The Instant Replay Market

| 1 Comment

For the third day in a row the market has tried to rally early only to succumb to selling late in the session. The action is best seen on the Nasdaq which failed at its 200-day moving average and at the 2,000 level again.

It's starting to feel like the calm before the storm as volume keeps shrinking daily. I still think that the bulls would be better served by a 'whoosh' lower to shake out the sellers instead of these feeble rally attempts.

Chart Request: Nvidia Corp. (NVDA)

| 2 Comments

Nvidia sure is a popular stock -- I seem to get a request for it every other week. My outlook on it hasn't changed much since the last time I drew it up. It's showing great relative strength vs. the Nasdaq but it's real close to breaking its intermediate uptrend. NVDA looks like a short to me if it closes under 24.50 (the lows of last Tuesday and Wednesday) and a long if it can take out the mid-March highs around $26.


From Support to Resistance

The Nasdaq failed at its 200-day moving average and at 2,000 during the last two trading sessions. I think that a close above 2,000 will be very important in bringing out more buyers. The market's still very oversold and set to gap up this morning. That sounds like a deadly combination for the bears but I'm not so sure that's the case. (You know how I feel about gaps.) A gap down might be a better scenario to finally shake out the sellers.

Jim Cramer's 25 Investing Rules

| 5 Comments

Jim Cramer's posting his '25 Investing Rules' as part of a promo for his new book 'Jim Cramer's Real Money: Sane Investing in an Insane World'. So far 13 of the rules are up and he'll be adding one more each day. The rules aren't anything earth shattering but it never hurts to take a refresher course on trading rules.

I've never read any of Cramer's books, but Duru tells me that his last book was a good read so I'm gonna take his recommendation and add it to my list. (via Duru)

What Happened to My Watchlists?

| 1 Comment

I was just asked what happened to my daily watchlist posts. Since I'm not doing any swing trading right now I don't see much point in posting stocks that I'm not going to actually consider trading. The swing picks will be back when I get back into swing trading mode. But with earnings season coming up it may be a few weeks before that happens. I may very well just be looking for day trades until the end of next month.

Mike, who's looking to mix in some technical analysis (TA) with his fundamental analysis (FA), sent the following:

Just getting into "trading", having been "investing" longer term in value stocks for the last few years.
My value stock mentor (he has averaged over 17% per year for years and years) looks for solid companies that for a variety of factors are undervalued. Then he either buys stocks or frequently SELLS puts. He does not even glance at the charts. Once they get cheap he buys.
I've been trying to learn TA so once we find a stock which is seemingly undervalued I can see whether it is likely strong or weak and whether to buy at that point or wait.

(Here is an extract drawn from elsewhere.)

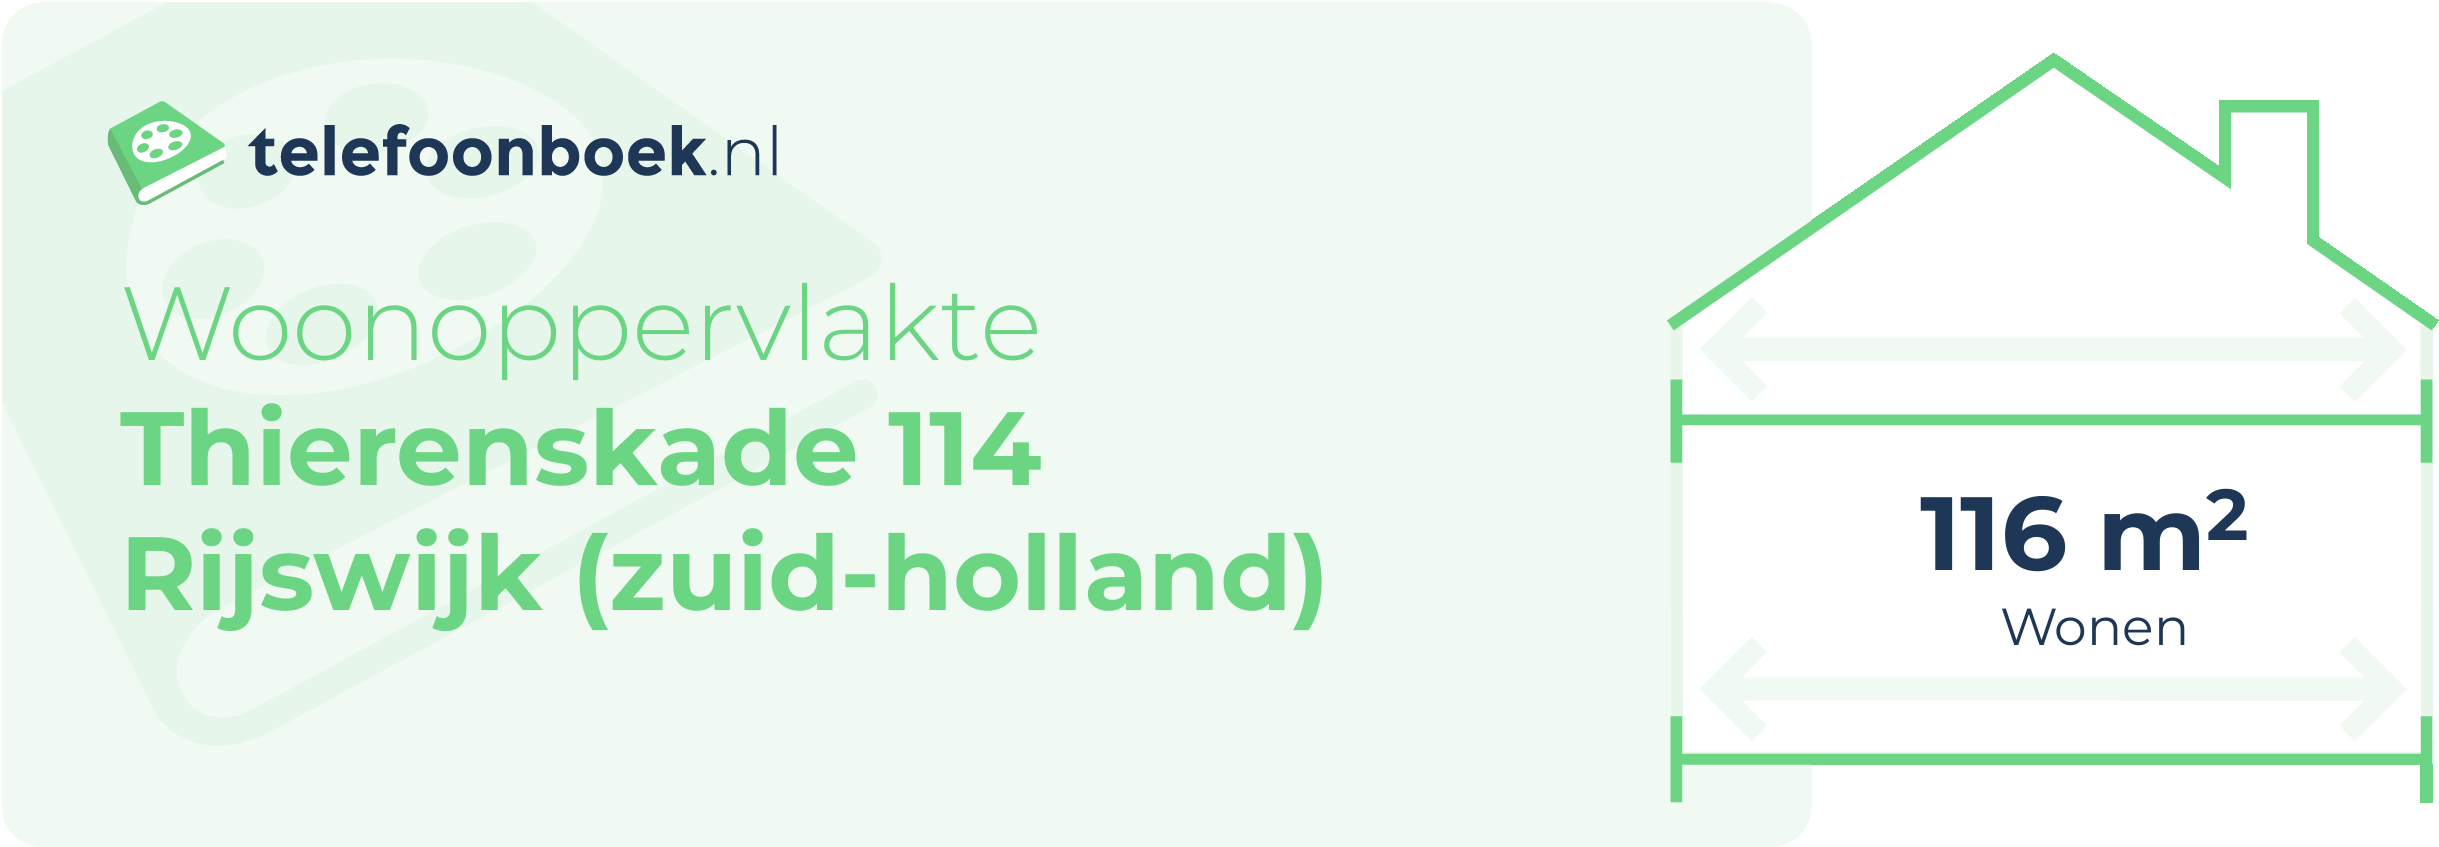 Woonoppervlakte Thierenskade 114 Rijswijk (Zuid-Holland)

Anyway two of his favorites right now are HD and AIG. They are both fundamentally very cheap. But, I've been watching them fall and fall over the last 4 to 6 weeks. Was wondering if you could analyze them and even let me know when a reasonable Technical bottom could be expected.

I think it makes a whole lot of sense to use FA to find what to trade (invest in) and use TA to tell you when to initiate the trade. The trick will be finding the right indicators to use that suit you. I like to use moving averages to tell me if the trend is up or down and then look for trades in the direction of the trend. That may not work well with certain value situations. For example, there's no way I would have jumped in AIG after the thrashing it took in October because I would have been bucking the intermediate and long term trends (as defined by the 50 and 200-day moving averages respectively). It rallied about 33% from the October lows to the February highs. Anybody who bought into that October slide would have certainly been looking for a contrarian/counter-trend play so using moving averages wouldn't have made much sense. Perhaps some kind of extreme oversold indicator works in those type of situations?

Finally Lifting Out of Oversold Territory

The market was able to withstand an attempted afternoon sell off today and closed on its highs for a change. Today's action had the major indices all closing at 6 day closing highs. Additionally the Dow and S&P 500 were able to close above the intraday resistance of the last three sessions. If I had to find one thing wrong with today's rally it would be that the volume was just a bit lower than yesterday's volume.

Worden, in tonight's report, made the following observation about the intraday charts:

I found the hourly charts exceptionally interesting as of today's close. All three of the averages broke out on the upside of a five-day base. All three had positive divergences in MoneyStream and TSV at yesterday's bottom. In doing so they all broke above their 50-hour moving averages. None of the three had been above that average since March 9. So in terms of intraday analysis this is a marked change of character. It is likely to have some Short-to-Intermediate-term legs.

A change of character indeed. Things should be very interesting going into Friday's jobs report.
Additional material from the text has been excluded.